In conclusion there are a multitude of factors affecting the quality of decisions made by any given manager that include but are not limited to: personality characteristics, experience, the context of the situation at hand, strategies used and critical thinking and analysis. It is only a logical conclusion that the manager will implement decisions with an enthusiasm and dedication that is equivalent to their belief they have selected the correct action for the situation. If Mr.Zutshi follows some of the simple steps outlined and avoids the pitfalls, he can and should have complete confidence in the decision made.

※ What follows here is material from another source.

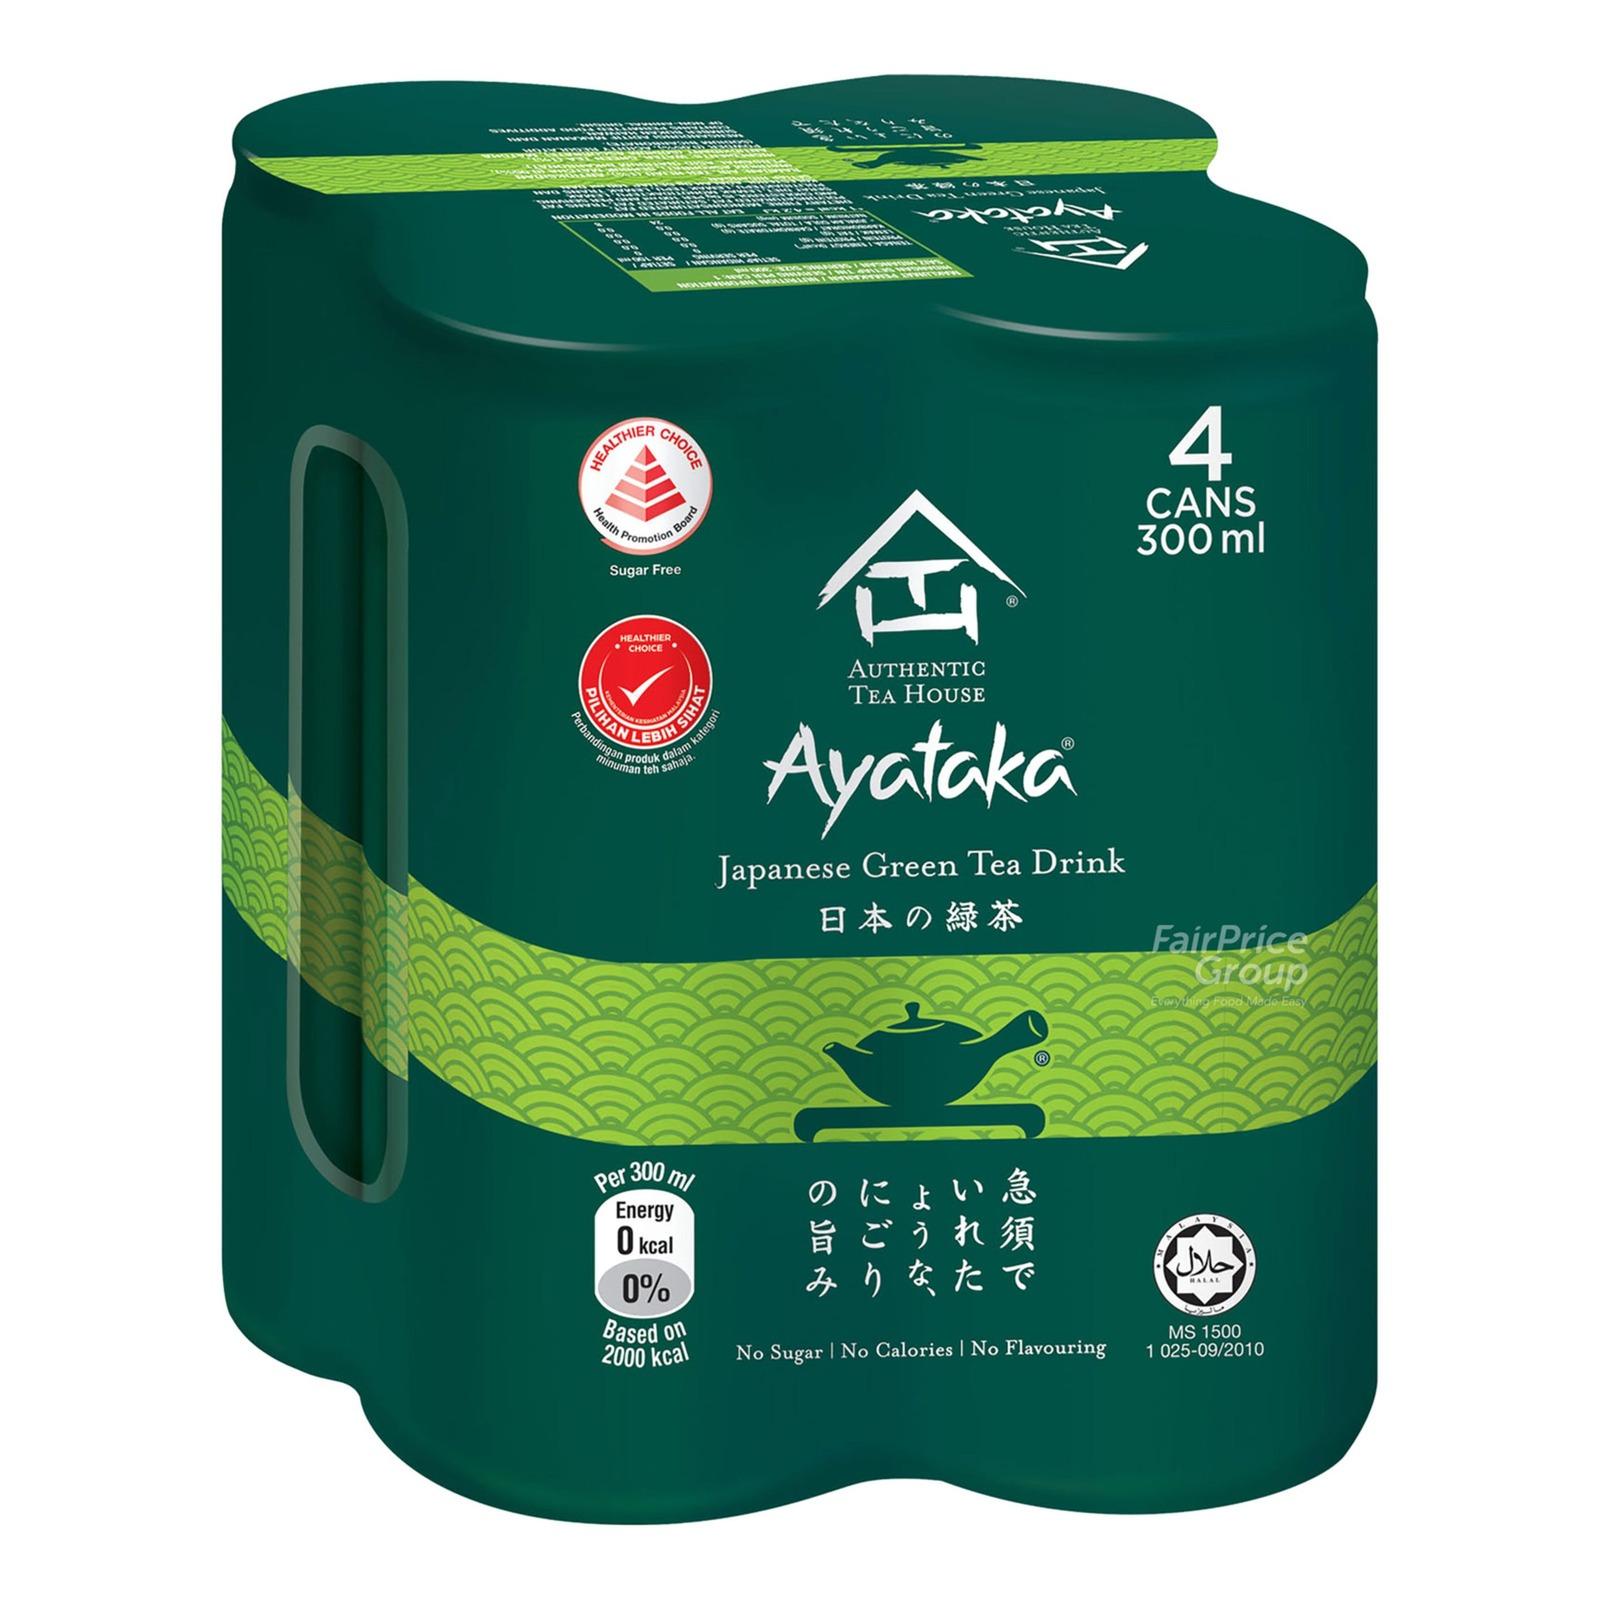 Authentic Tea House Ayataka No Sugar Japanese Green Tea (1.5L)

Making decisions is a major portion of the manager’s responsibilities. It is an aspect that cannot be taken lightly nor can it be done in a hasty manner. Decisions that are made with deliberation using different kinds of processes, however, can lead the department or company to better and/or more profitable operations. When decisions are indeed made in this manner, the manager should feel confident that he or she has made an appropriate decision and is the best option given the information available at the time. This does not mean to say that the manager will always make the correct decision; lack of information or situational changes can lead to faulty analysis. However, if the manager uses critical thinking and proven successful decision-making strategies, he or she can and should be confident in whatever action they have decided is appropriate.


Drucker, P.(1967). The Effective Executive. New York: Harper & Row Publishers.

Moody, P. (1983). Decision Making. New York: McGraw-Hill Book Company.

Nutt, P.C. (1989). Making Tough Decisions. San Francisco, California: Jossey-Bass, Inc., Publishers.

Donaldson, G. & Lorsch, J.W. (1983). Decision Making At The Top. New York: Basic Books, Inc., Publishers.

March, J.G. (1994). A Primer On Decision Making. New York: The Free Press.